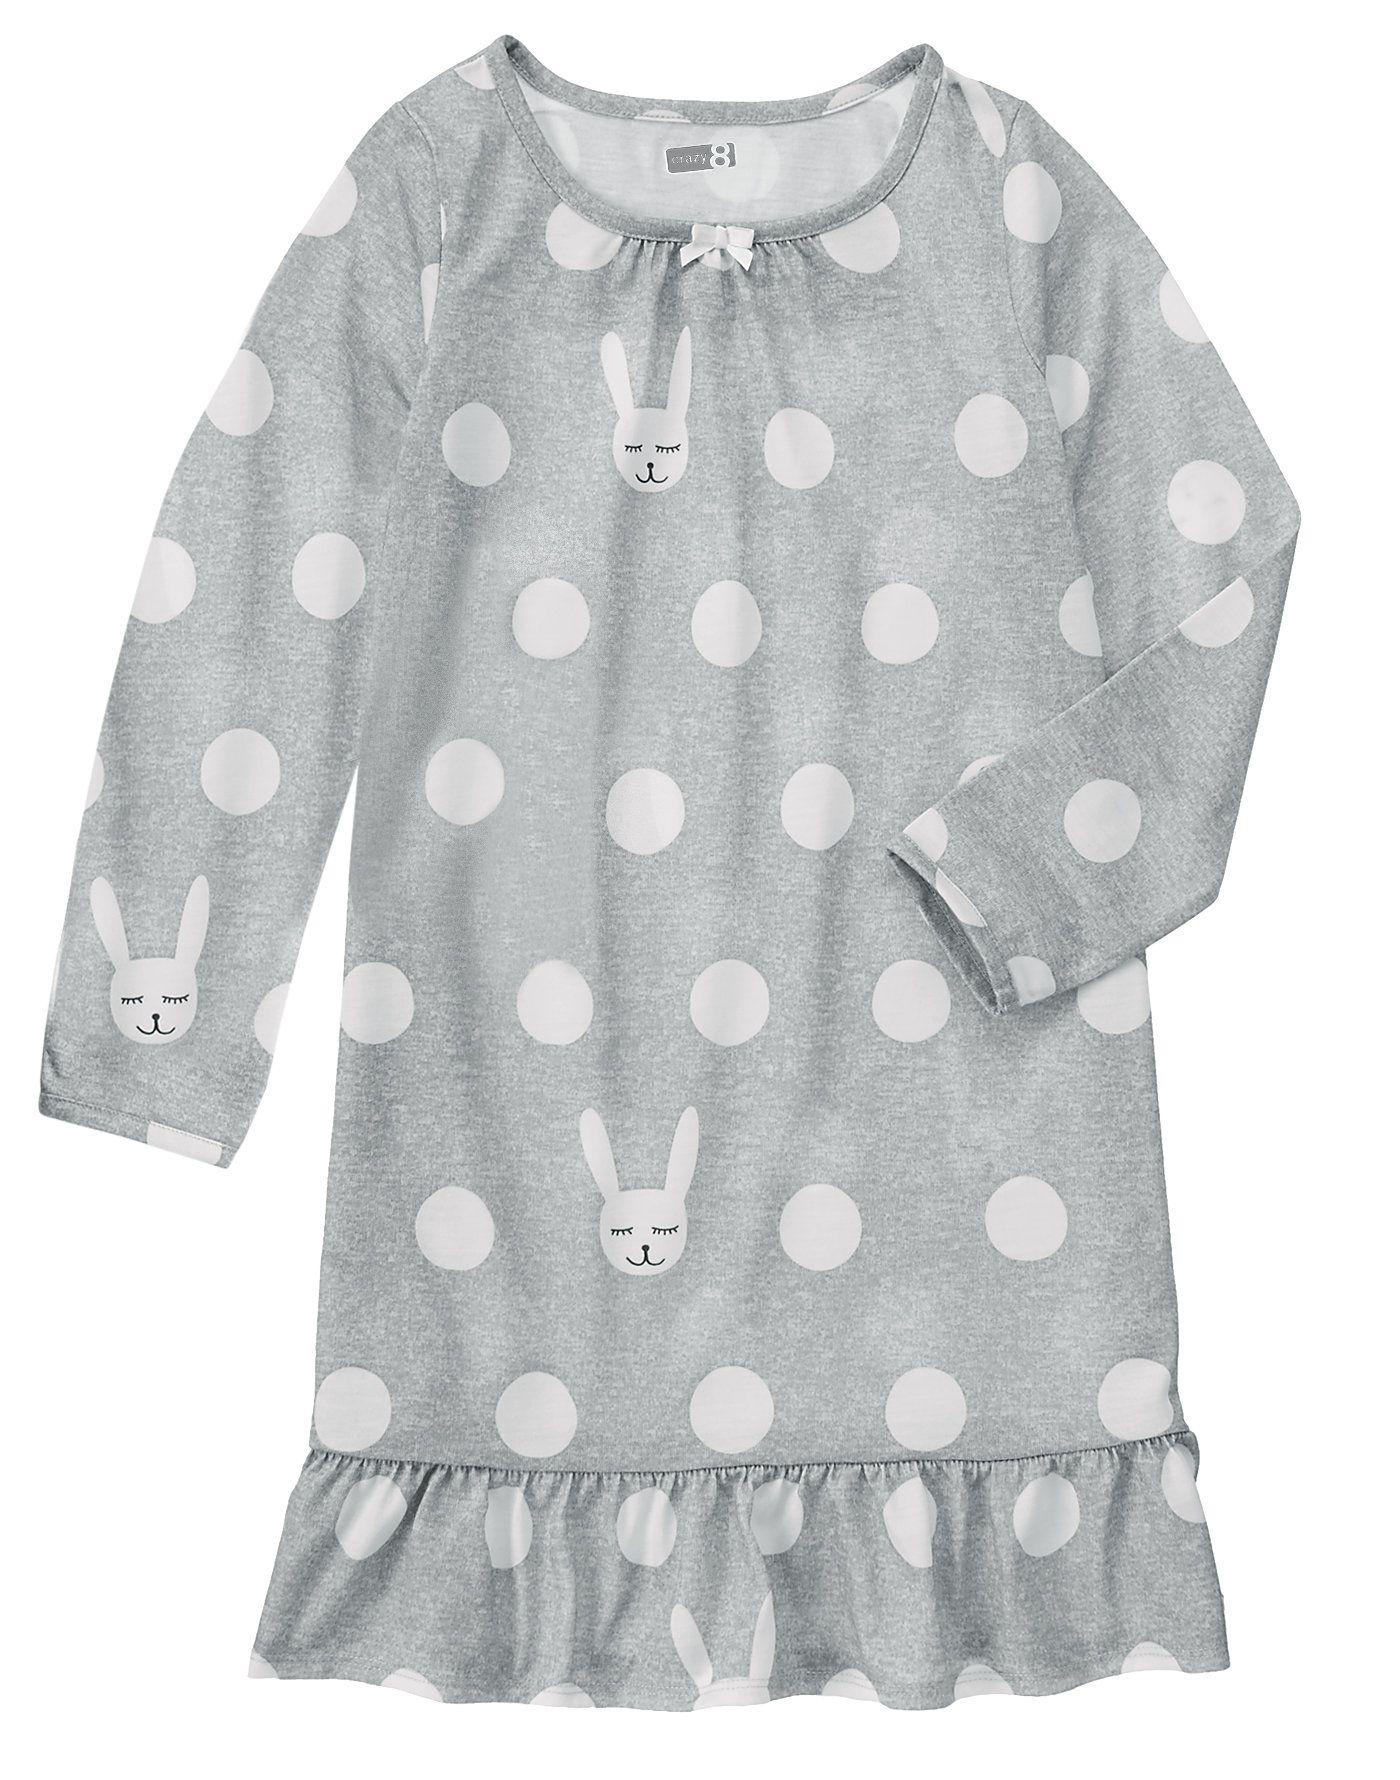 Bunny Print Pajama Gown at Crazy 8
...
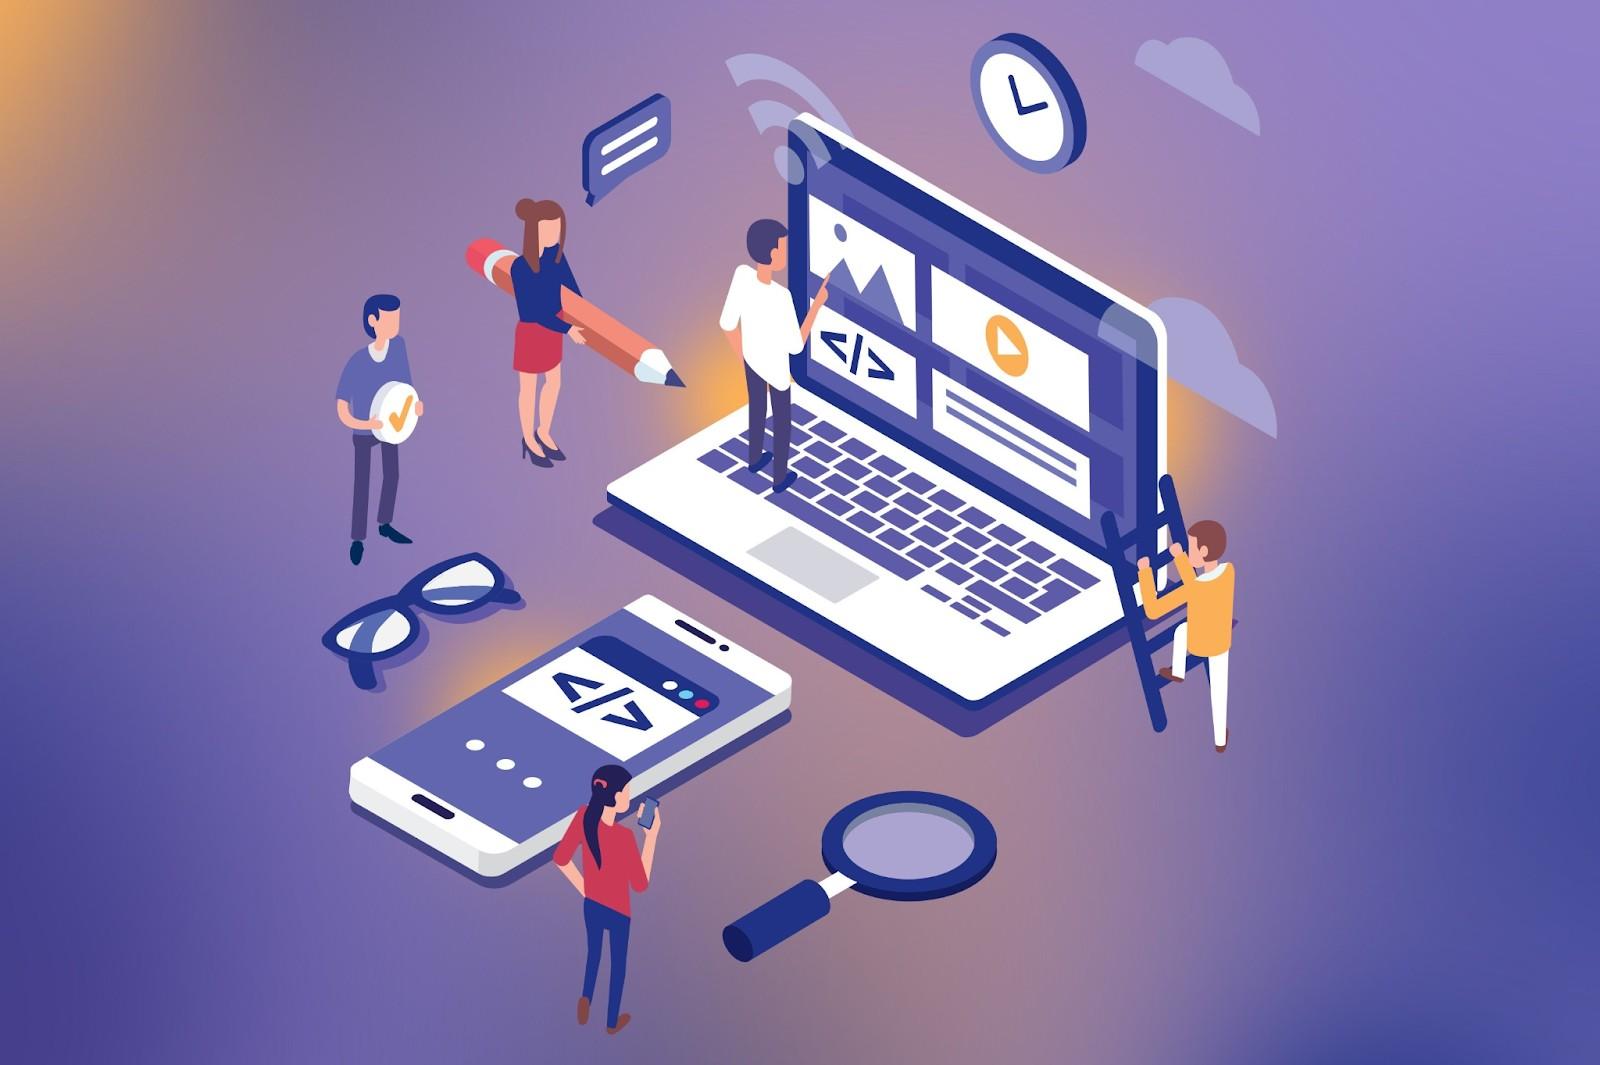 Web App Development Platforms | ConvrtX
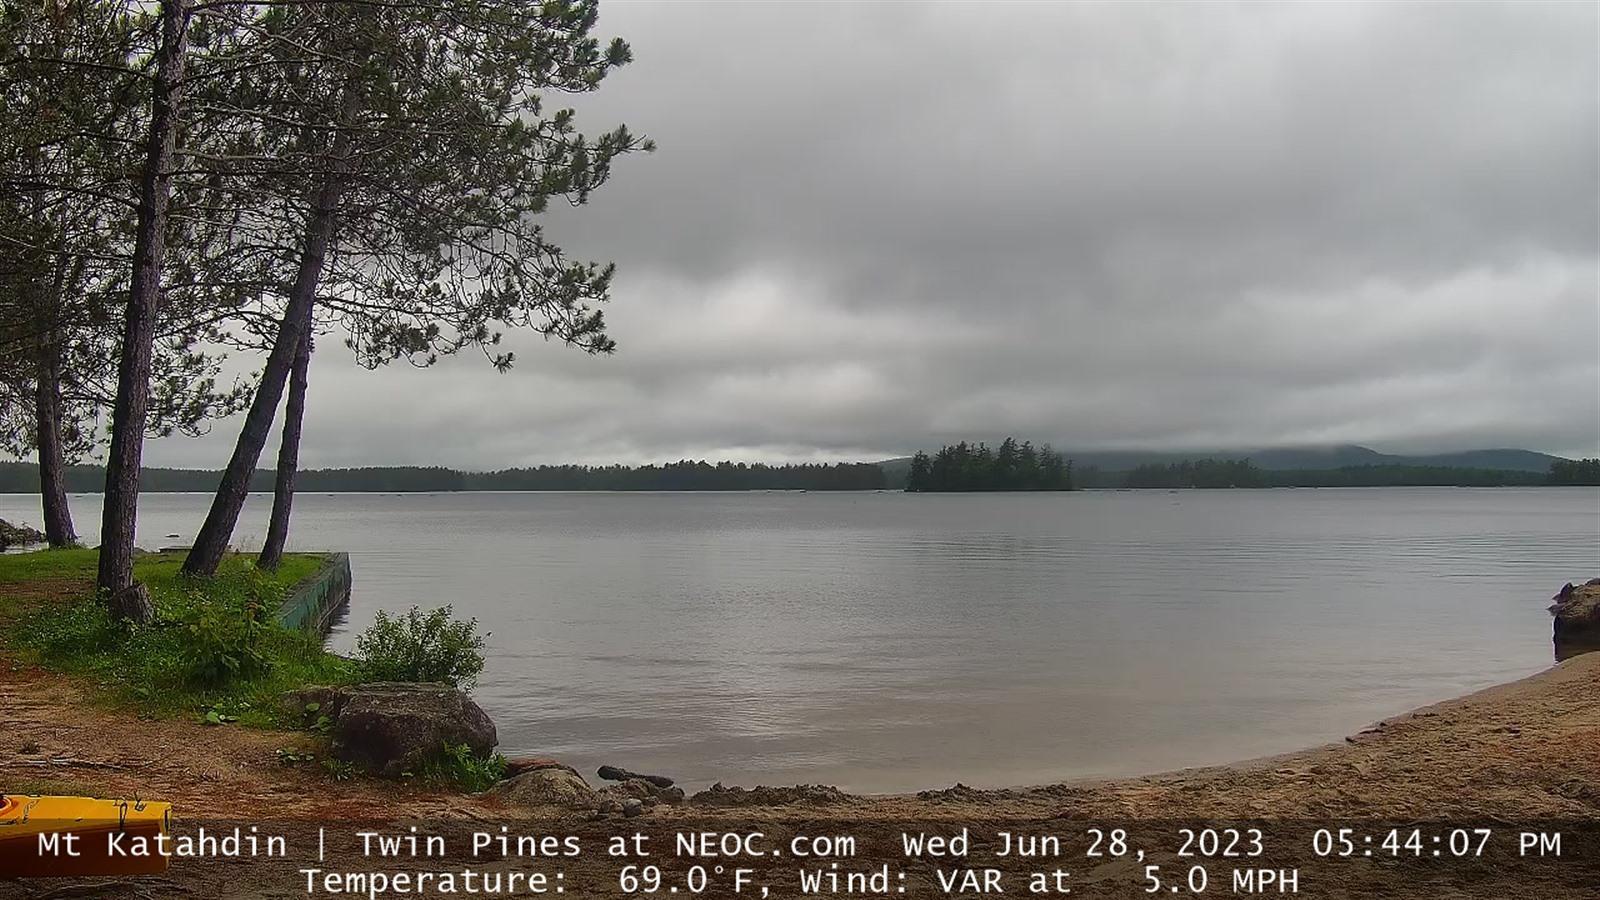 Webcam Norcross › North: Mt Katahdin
==
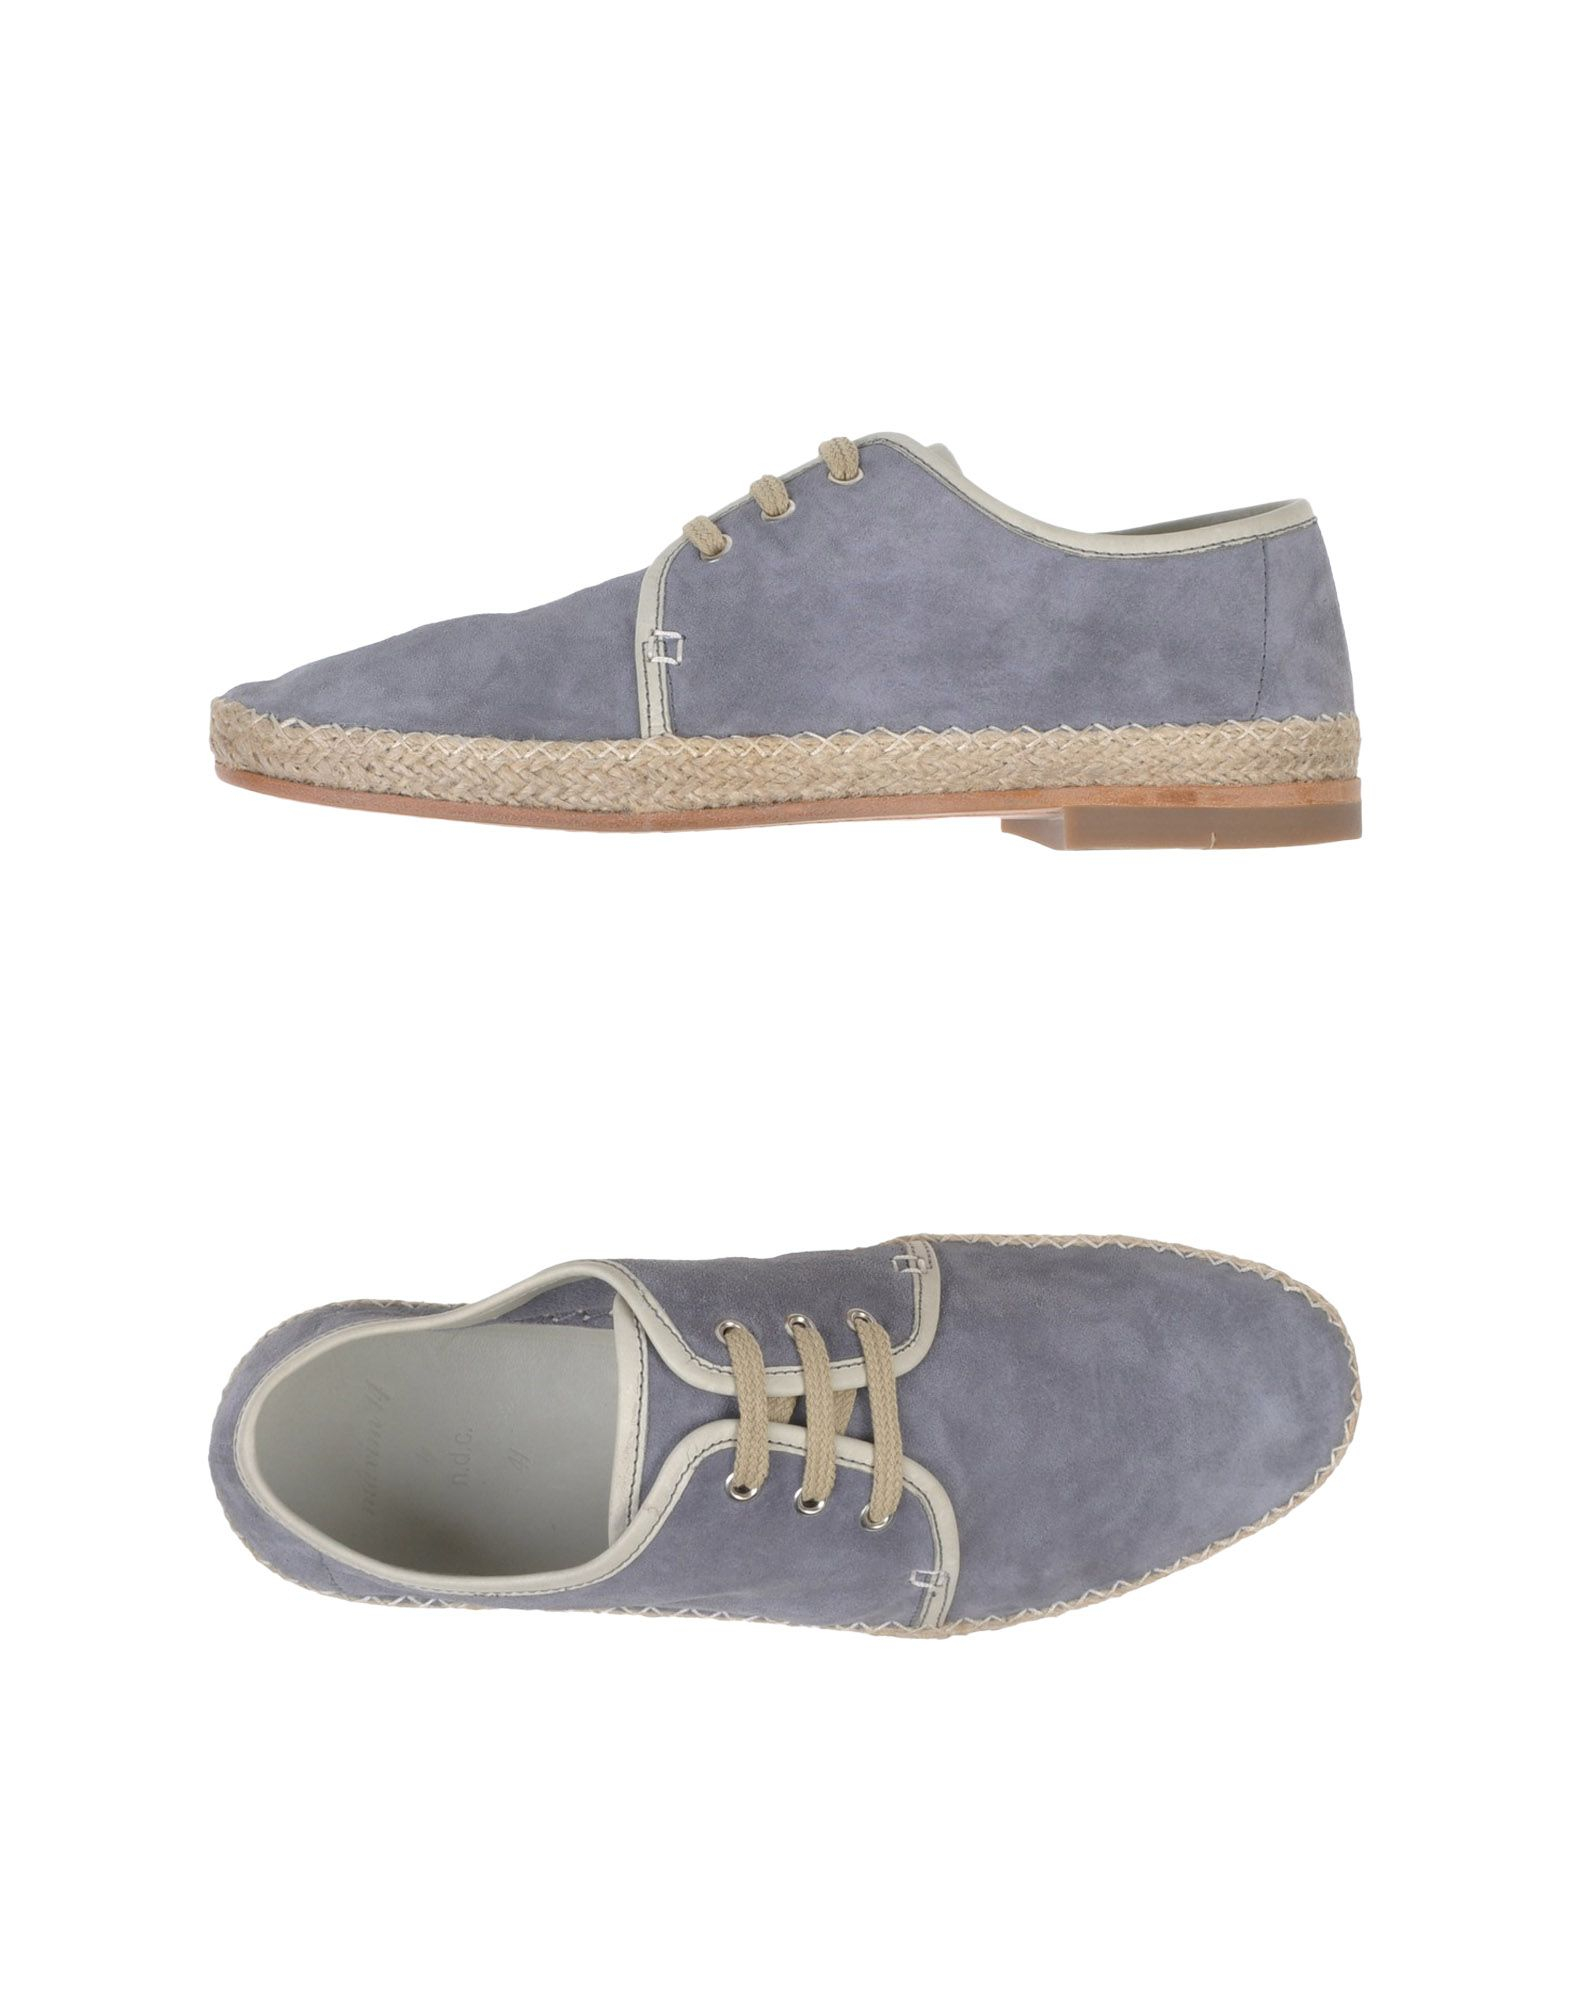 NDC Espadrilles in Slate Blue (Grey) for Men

THE TASK: Output should consist of the lines above from the one with "Web App Development Platforms | ConvrtX" down to the one with "Webcam Norcross › North: Mt Katahdin", exact and without pictures.

RESULT FOR THIS EXERCISE:
 Web App Development Platforms | ConvrtX
 Webcam Norcross › North: Mt Katahdin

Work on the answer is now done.